» **Dataset content**:

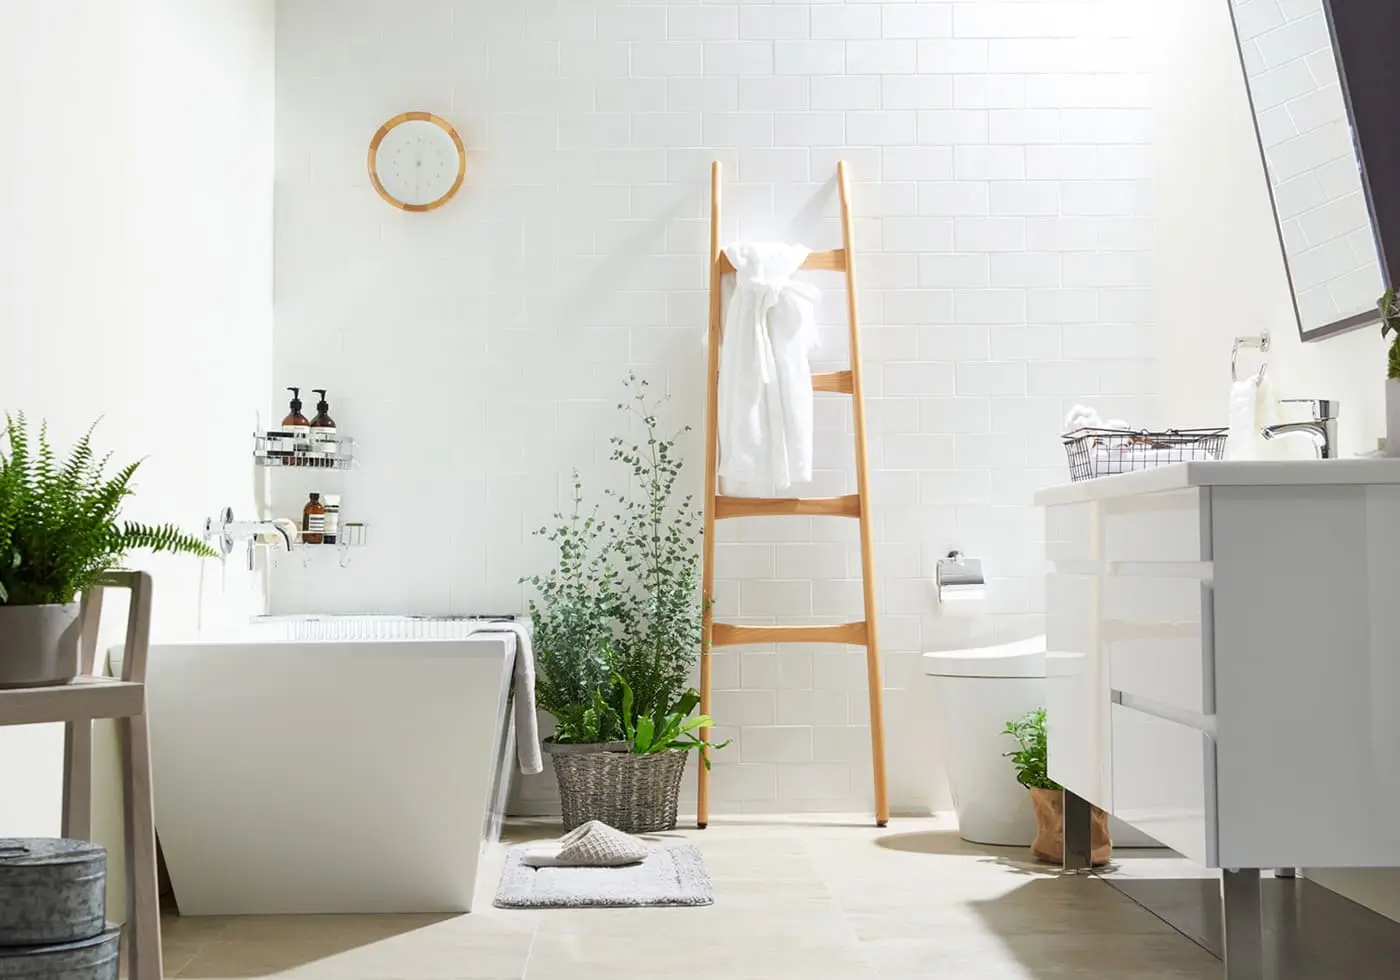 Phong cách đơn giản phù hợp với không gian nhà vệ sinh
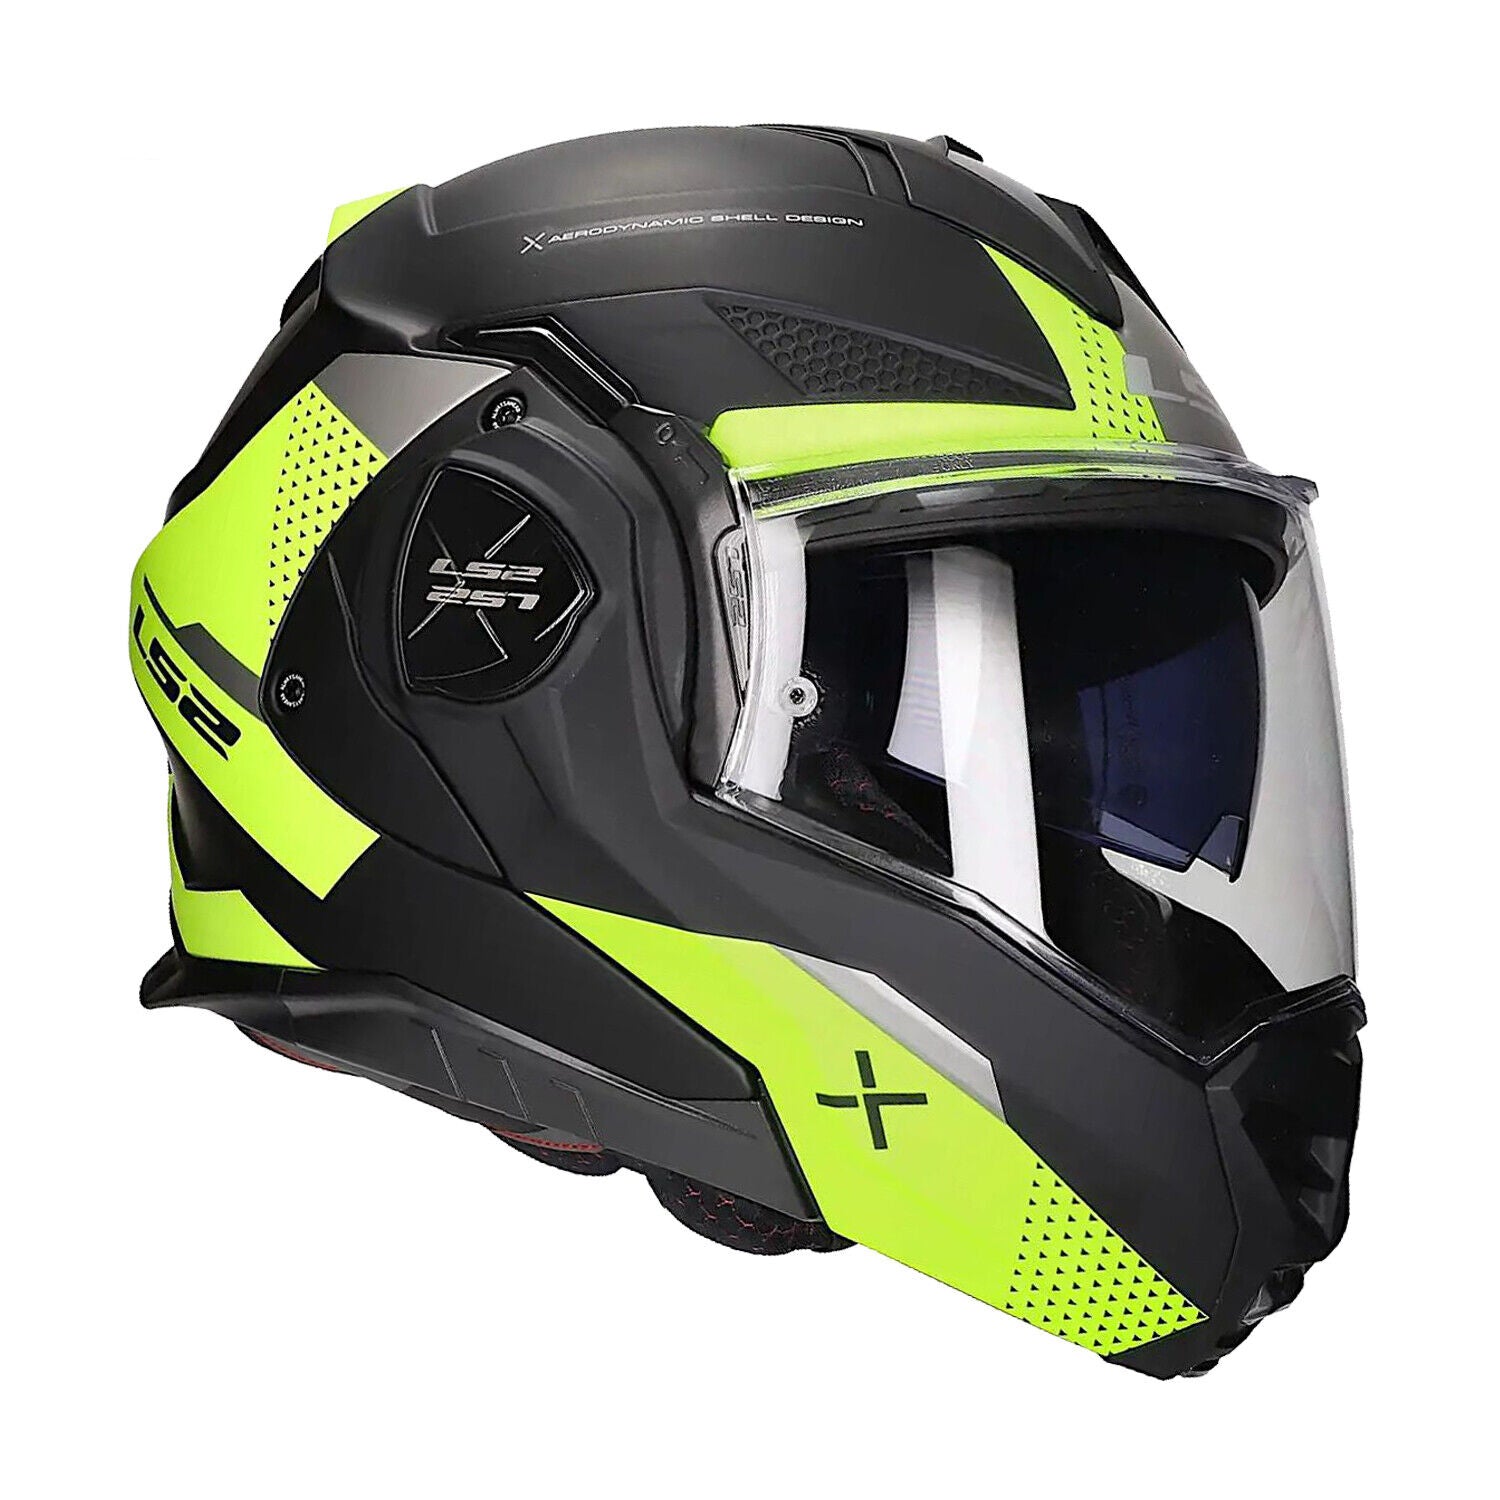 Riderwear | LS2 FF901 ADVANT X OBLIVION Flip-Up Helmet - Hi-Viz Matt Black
==
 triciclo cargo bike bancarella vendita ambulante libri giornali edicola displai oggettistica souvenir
--
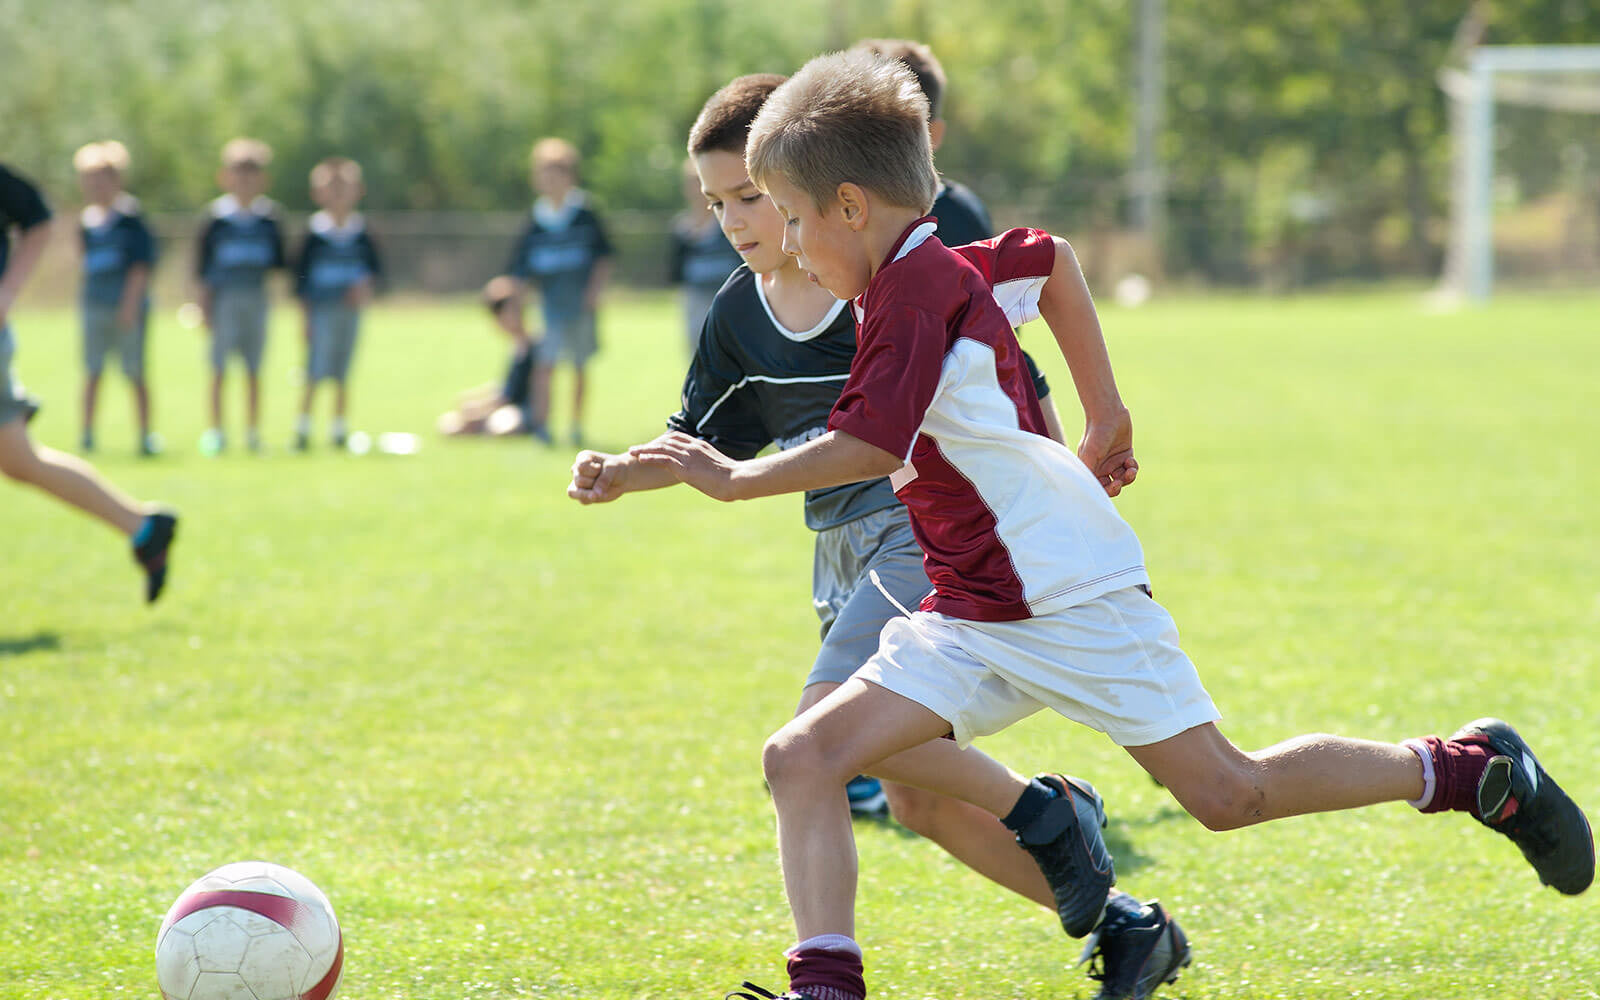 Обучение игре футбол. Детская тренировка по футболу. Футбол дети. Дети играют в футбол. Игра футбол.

» **Problem**: Please return the material above only from the line that holds "Phong cách đơn" through the line that holds "Riderwear | LS2", exactly as it stands, ends included and pictures omitted.

» **Task result**:
 Phong cách đơn giản phù hợp với không gian nhà vệ sinh
 Riderwear | LS2 FF901 ADVANT X OBLIVION Flip-Up Helmet - Hi-Viz Matt Black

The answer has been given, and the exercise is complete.